* _Task_
Give the listing again in full and exactly, apart from its pictures.

* _Information provided_
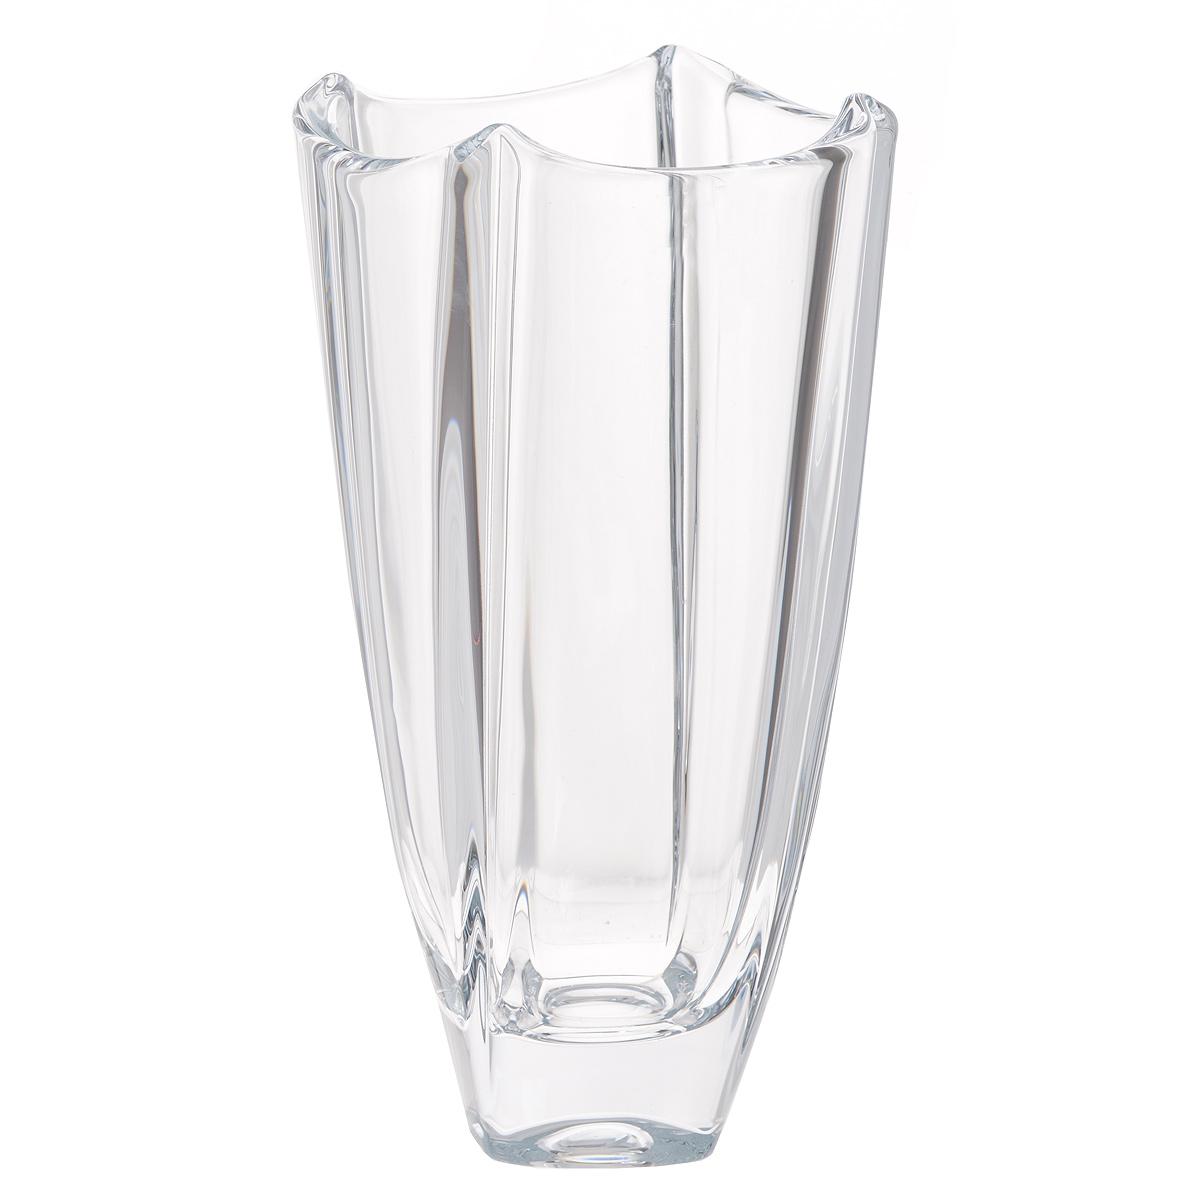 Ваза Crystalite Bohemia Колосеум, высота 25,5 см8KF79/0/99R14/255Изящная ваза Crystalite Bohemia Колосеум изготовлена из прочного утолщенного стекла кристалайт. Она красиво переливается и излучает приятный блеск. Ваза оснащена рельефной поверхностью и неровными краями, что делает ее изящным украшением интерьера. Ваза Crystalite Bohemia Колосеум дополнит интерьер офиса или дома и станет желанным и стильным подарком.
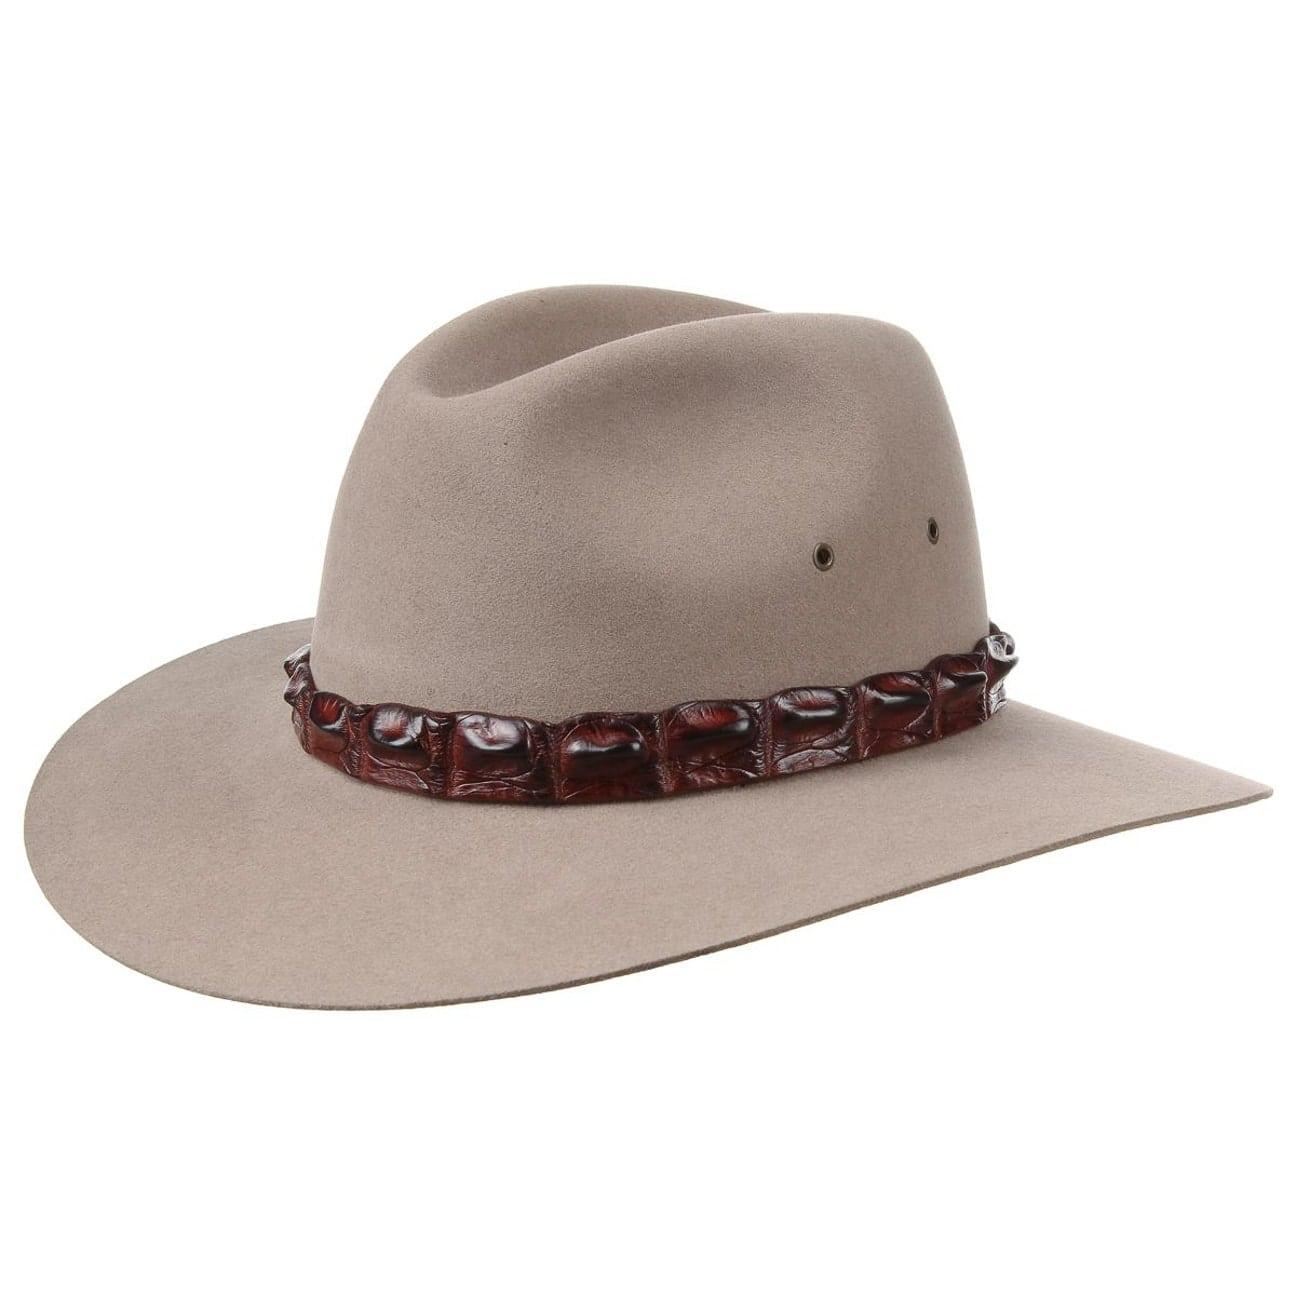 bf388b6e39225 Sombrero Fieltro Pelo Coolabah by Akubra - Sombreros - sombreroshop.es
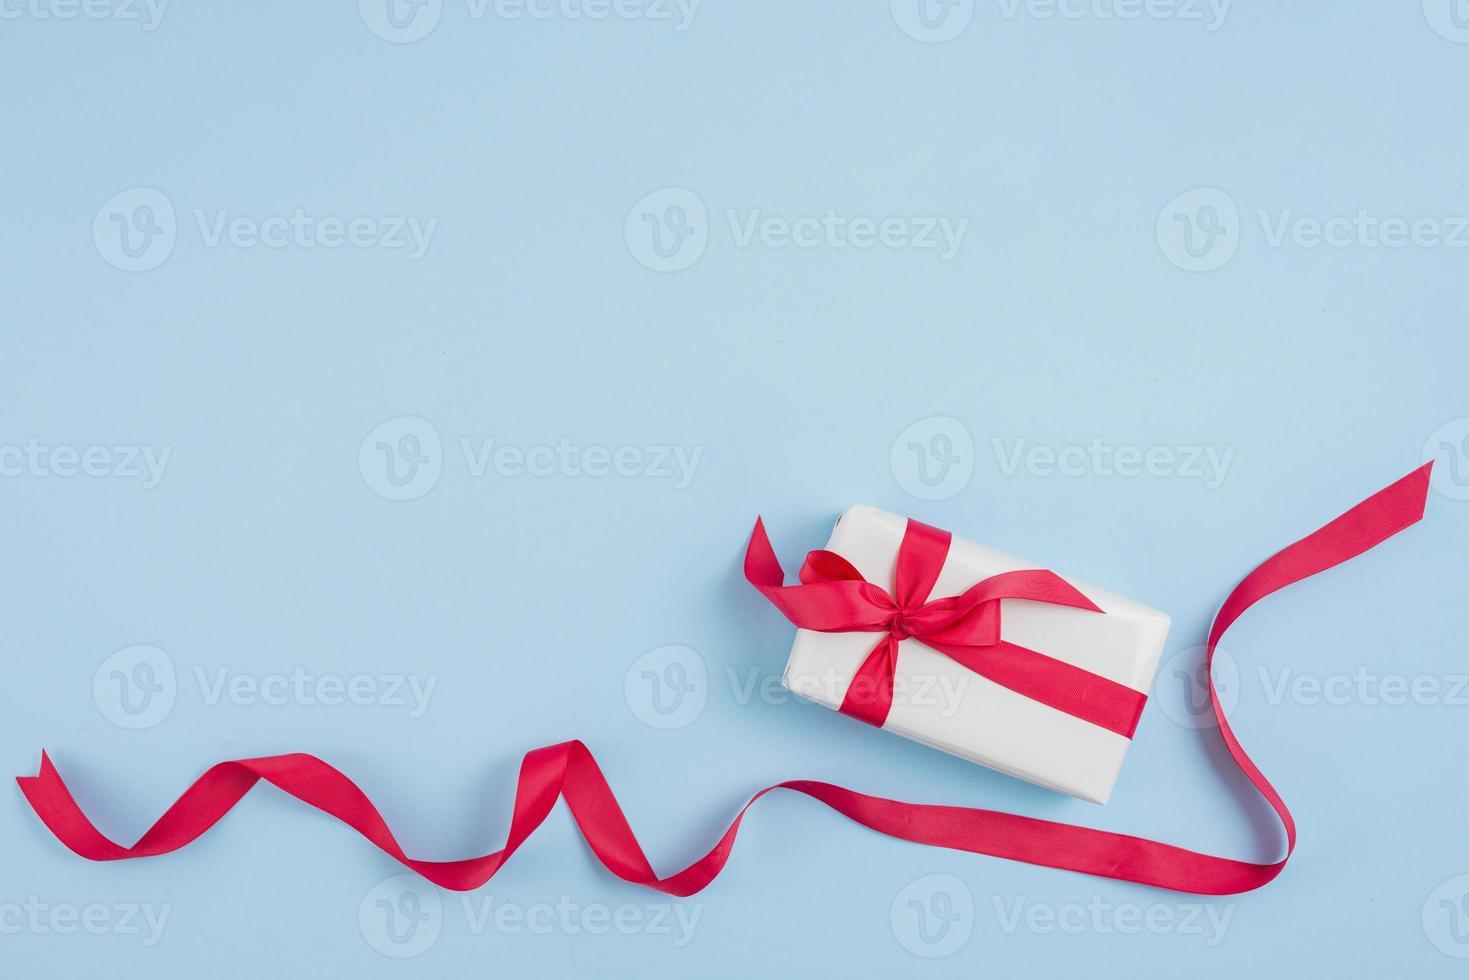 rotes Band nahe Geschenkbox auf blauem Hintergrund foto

* _Written solution_
 Ваза Crystalite Bohemia Колосеум, высота 25,5 см8KF79/0/99R14/255Изящная ваза Crystalite Bohemia Колосеум изготовлена из прочного утолщенного стекла кристалайт. Она красиво переливается и излучает приятный блеск. Ваза оснащена рельефной поверхностью и неровными краями, что делает ее изящным украшением интерьера. Ваза Crystalite Bohemia Колосеум дополнит интерьер офиса или дома и станет желанным и стильным подарком.
 bf388b6e39225 Sombrero Fieltro Pelo Coolabah by Akubra - Sombreros - sombreroshop.es
 rotes Band nahe Geschenkbox auf blauem Hintergrund foto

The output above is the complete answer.